The history of the condition goes back to the 19th century, when parasitic filariae were discovered to be the cause of elephantiasis, also known as tropical lymphedema. It was believed, at the time, that filaria was the sole cause of the disease, but it became apparent that the distribution of the two conditions did not overlap and scientists recognized that some forms of elephantiasis were not associated with filariae. Ernest W. Price, a British surgeon living in Ethiopia in the 1970's and 1980's studied the lymph nodes and vessels of those afflicted with the disease. Using a light microscope, he discovered macrophage cells weighed down with micro-particles in the lymph nodes of the affected extremity. Then, using an electron microscope, he found the presence of silicon, aluminum, and other soil metals. Price demonstrated that the lymphatic vessels of these patients experienced edema, and eventually collagenization that leads to complete blockage.
The primary symptom of podoconiosis is swelling and deformity of the feet and ankles. The swelling can be either soft and fluid, or hard and fibrotic. Multiple firm nodules will develop over time, as well as hyperkeratotic papillomata that resembles moss. Because of this, podoconiosis is also known as Mossy Foot. Before lymphatic failure, the patient may exhibit itching, burning, hyperkeratosis, plantar edema, and rigid digits. Like with elephantiasis, fusion of the toes, ulceration, and bacterial infection may occur. The disease has an acute component where some patients have moments of foot and ankle warmth, firmness, and pain.
Podoconiosis is most commonly seen in highland areas of Africa, India, and Central America. The highest rates of occurrence are in Uganda, Tanzania, Kenya, Rwanda, Burundi, Sudan, and Ethopia, where the prevalence is as high as 9%. Nearly four million people worldwide suffer from this disease. The incidence of podoconiosis increases with age, due to the cumulative exposure to irritant soil.
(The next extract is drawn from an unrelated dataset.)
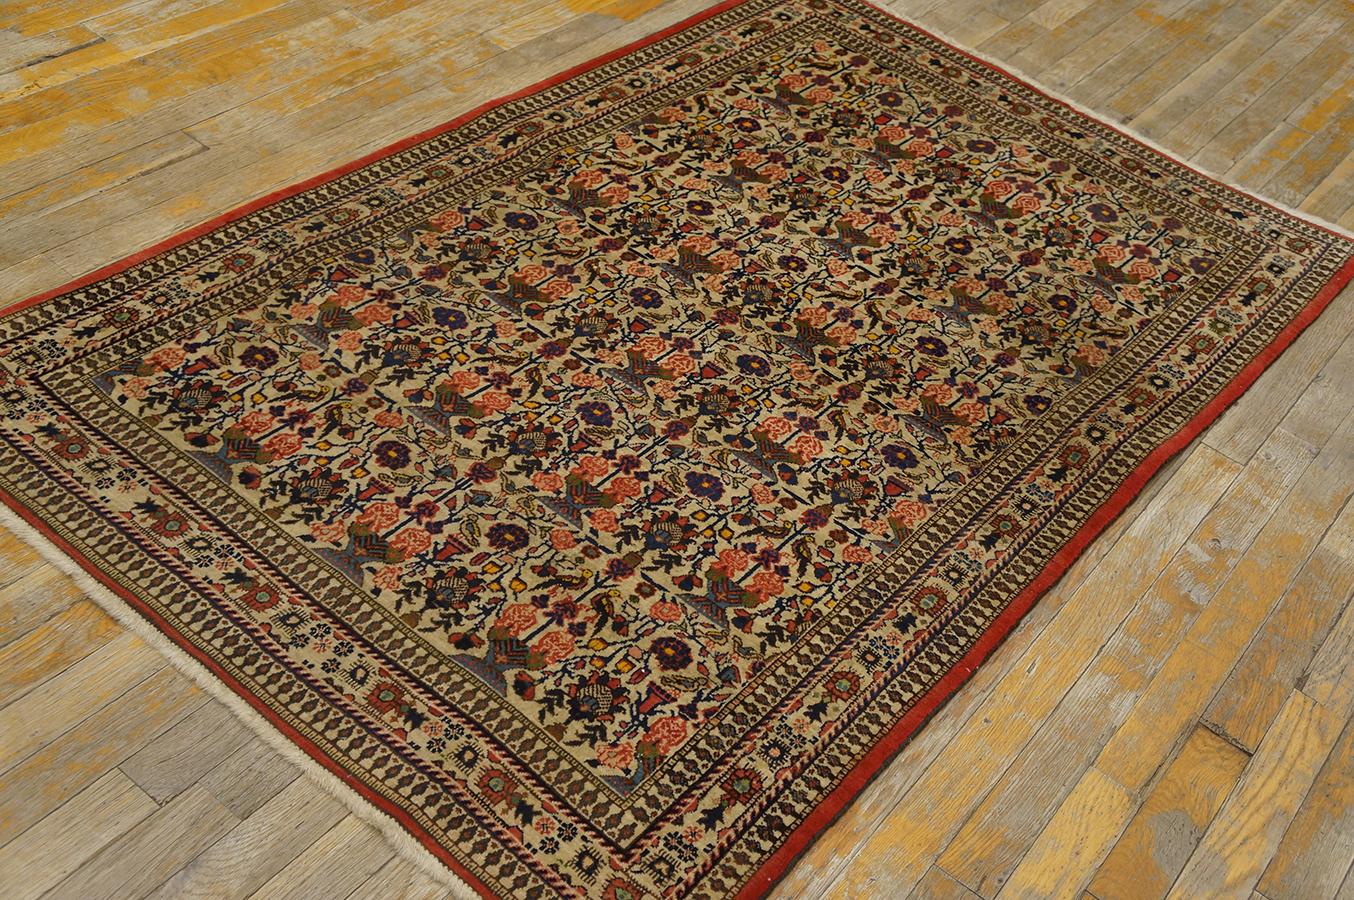 Antique Persian Qum rug, size: 3' 5'' x 5' 3''.

It is rare to see podoconiosis in children 0-5 years old, and the incidence rapidly rises in the 6-20 age group, with the highest percentage in the 45 plus age group.
Prevention and treatment are characterized by avoidance of the irritant soil . Wearing shoes is the most crucial thing in preventing this disease and further deformity. In Rwanda, where the incidence of the disease is high, the government has banned walking barefoot in public to curtain soil-born disease like podoconiosis.
Even once the disease has begun, vigorous daily washing with soap and water, application of an emollient, and the nightly elevation of the affected extremity has been shown to reduce swelling and disability. Compression wrapping has been shown to be effective in other forms of lymphedema, but this therapy has not been proven in podoconiosis.